How do I store a TfidfVectorizer for future use in scikit-learn?

。_饼干妹妹 提交于 2019-11-28 06:57:36

You can simply use the built in pickle lib:

pickle.dump(vectorizer, open("vectorizer.pickle", "wb"))
pickle.dump(selector, open("selector.pickle", "wb"))

and load it with:

vectorizer = pickle.load(open("vectorizer.pickle"), "rb"))
selector = pickle.load(open("selector.pickle"), "rb"))

Pickle will serialize the objects to disk and load them in memory again when you need it

pickle lib docs

"Making an object persistent" basically means that you're going to dump the binary code stored in memory that represents the object in a file on the hard-drive, so that later on in your program or in any other program the object can be reloaded from the file in the hard drive into memory.

Either scikit-learn included joblib or the stdlib pickle and cPickle would do the job. I tend to prefer cPickle because it is significantly faster. Using ipython's %timeit command:

>>> from sklearn.feature_extraction.text import TfidfVectorizer as TFIDF
>>> t = TFIDF()
>>> t.fit_transform(['hello world'], ['this is a test'])

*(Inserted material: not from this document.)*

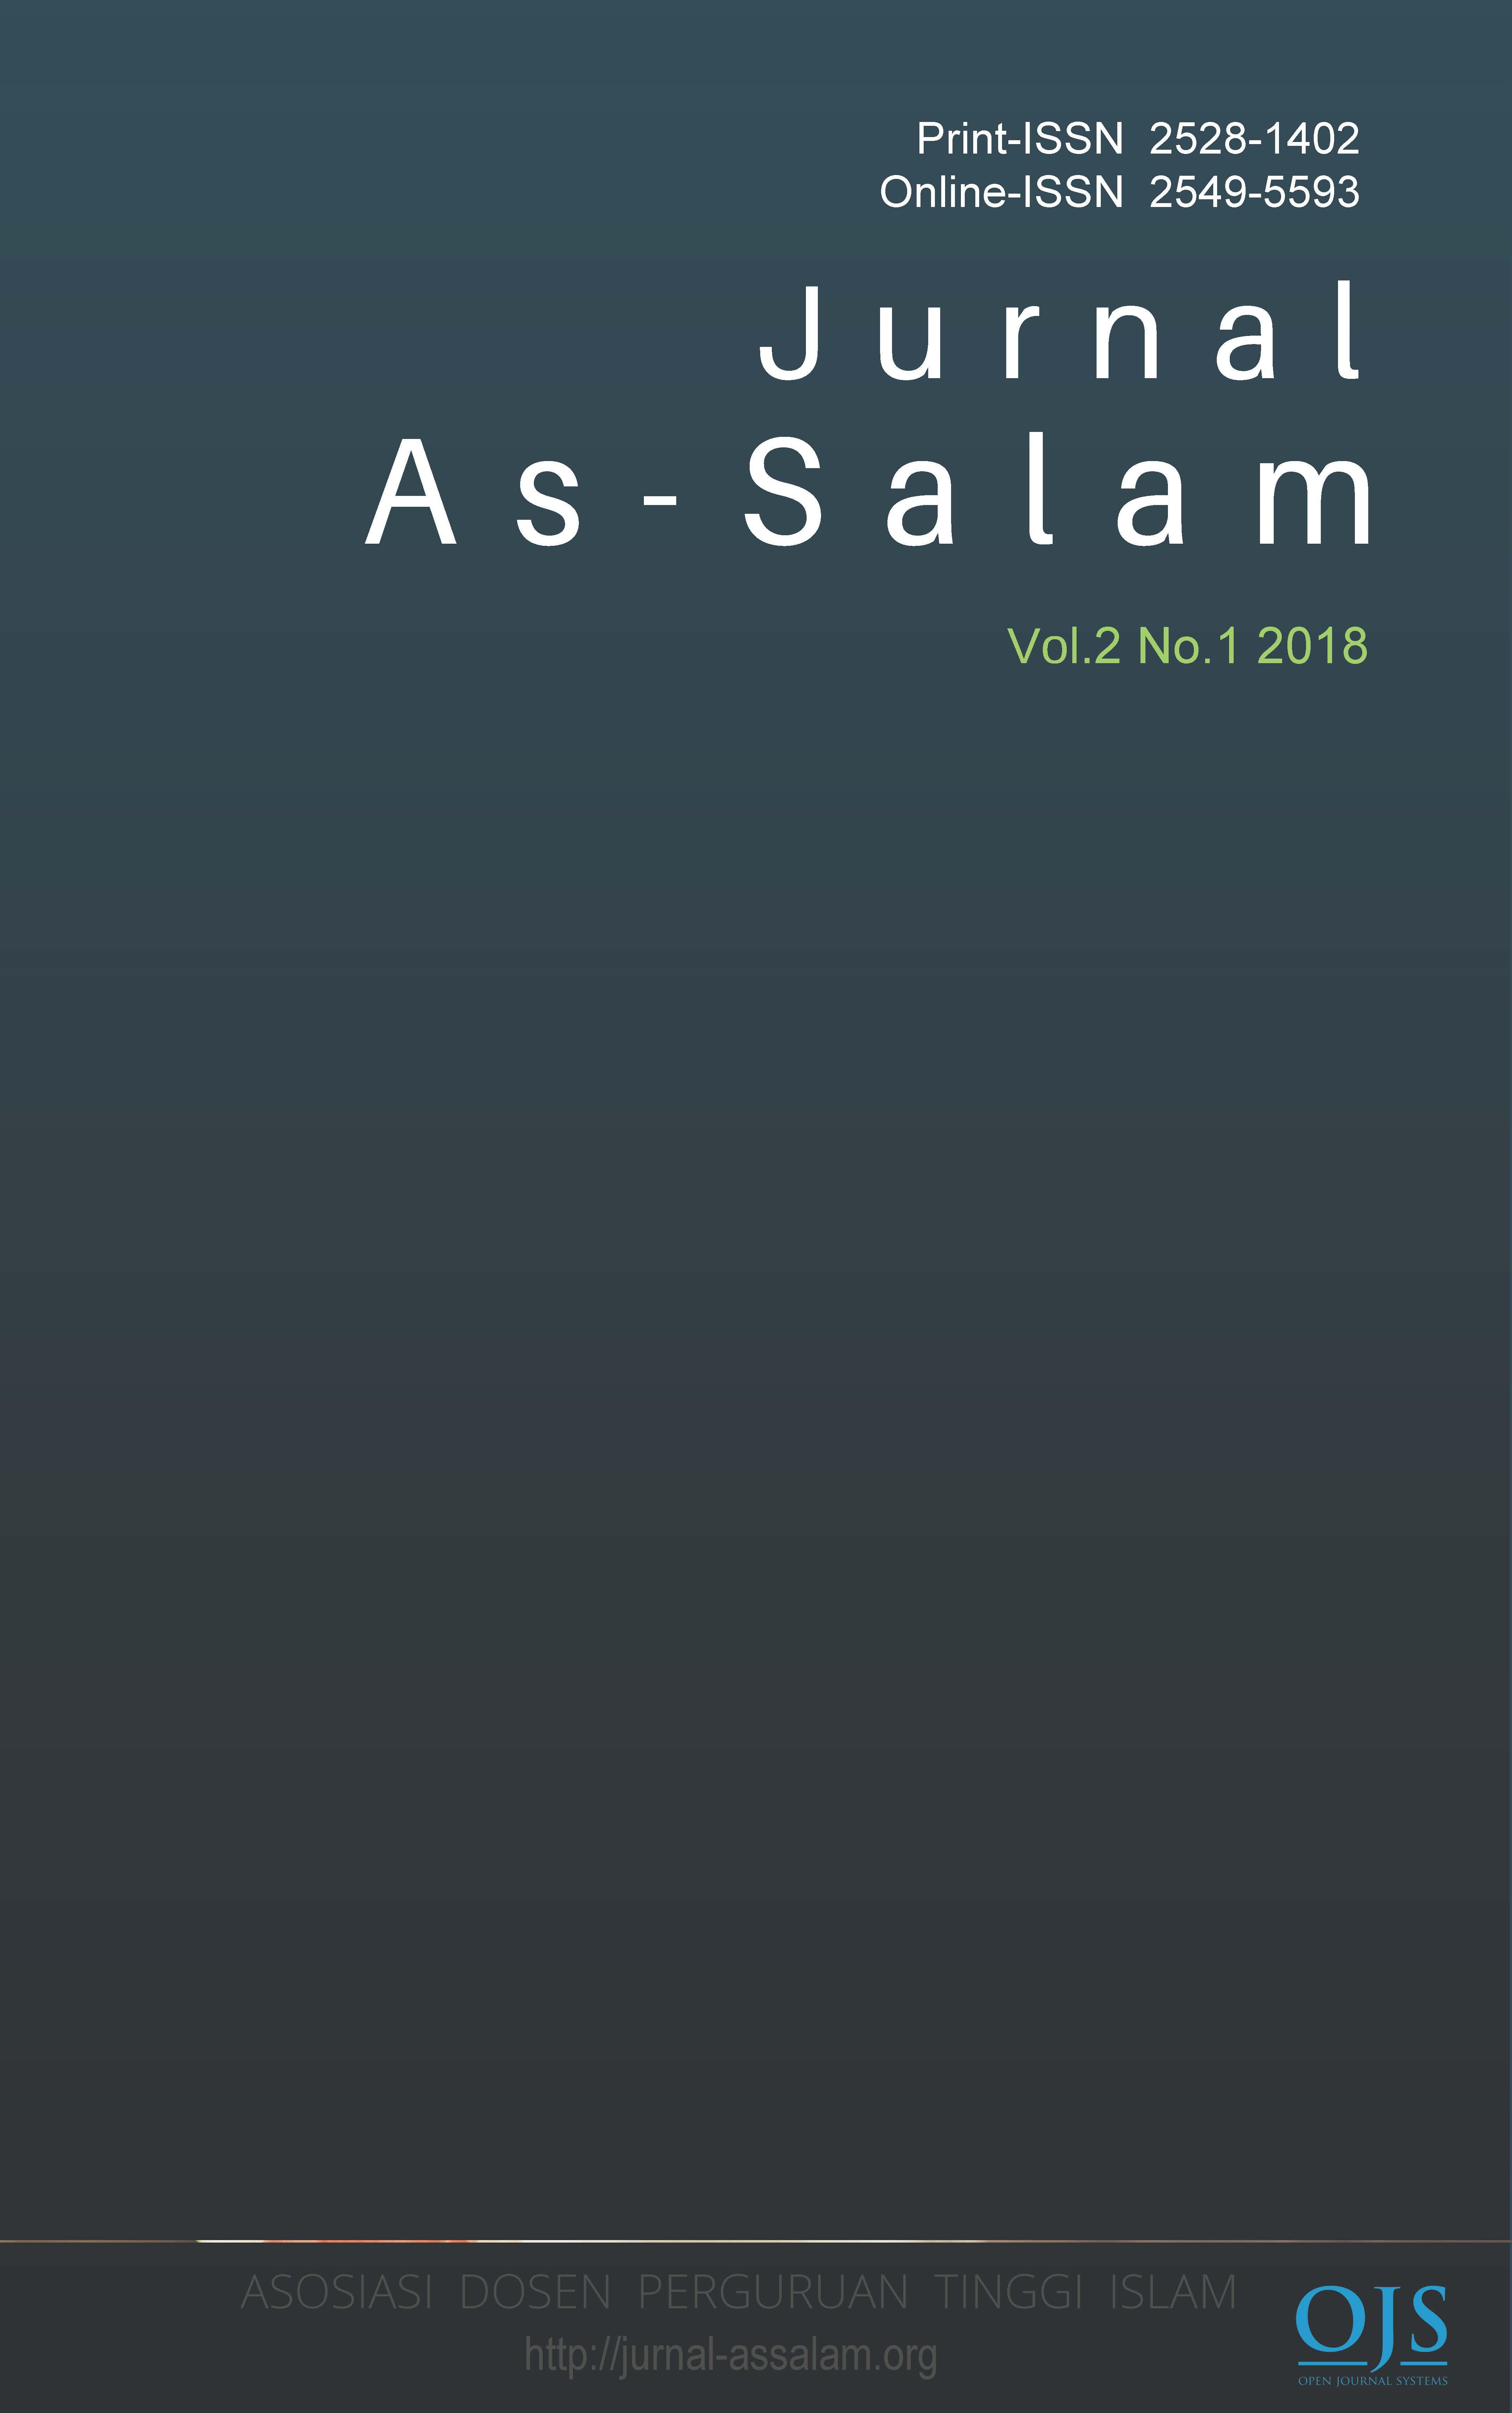 View Vol. 2 No. 1 (2018): Jurnal As-Salam

# generic serializer - deserializer test
>>> def dump_load_test(tfidf, serializer):
...:    with open('vectorizer.bin', 'w') as f:
...:        serializer.dump(tfidf, f)
...:    with open('vectorizer.bin', 'r') as f:
...:        return serializer.load(f)

# joblib has a slightly different interface
>>> def joblib_test(tfidf):
...:    joblib.dump(tfidf, 'tfidf.bin')
...:    return joblib.load('tfidf.bin')

# Now, time it!
>>> %timeit joblib_test(t)
100 loops, best of 3: 3.09 ms per loop

>>> %timeit dump_load_test(t, pickle)
100 loops, best of 3: 2.16 ms per loop

>>> %timeit dump_load_test(t, cPickle)
1000 loops, best of 3: 879 µs per loop

Now if you want to store multiple objects in a single file, you can easily create a data structure to store them, then dump the data structure itself. This will work with tuple, list or dict. From the example of your question:

# train
vectorizer = TfidfVectorizer()
X_train = vectorizer.fit_transform(corpus)
selector = SelectKBest(chi2, k = 5000 )
X_train_sel = selector.fit_transform(X_train, y_train)

# dump as a dict
data_struct = {'vectorizer': vectorizer, 'selector': selector}
# use the 'with' keyword to automatically close the file after the dump
with open('storage.bin', 'wb') as f: 
    cPickle.dump(data_struct, f)

Later or in another program, the following statements will bring back the data structure in your program's memory:

# reload
with open('storage.bin', 'rb') as f:
    data_struct = cPickle.load(f)
    vectorizer, selector = data_struct['vectorizer'], data_struct['selector']

# do stuff...
vectors = vectorizer.transform(...)
vec_sel = selector.transform(vectors)

Here is my answer using joblib:

joblib.dump(vectorizer, 'vectroizer.pkl')
joblib.dump(selector, 'selector.pkl')

Later, I can load it and ready to go:

vectorizer = joblib.load('vectorizer.pkl')
selector = joblib.load('selector.pkl')

test = selector.trasnform(vectorizer.transform(['this is test']))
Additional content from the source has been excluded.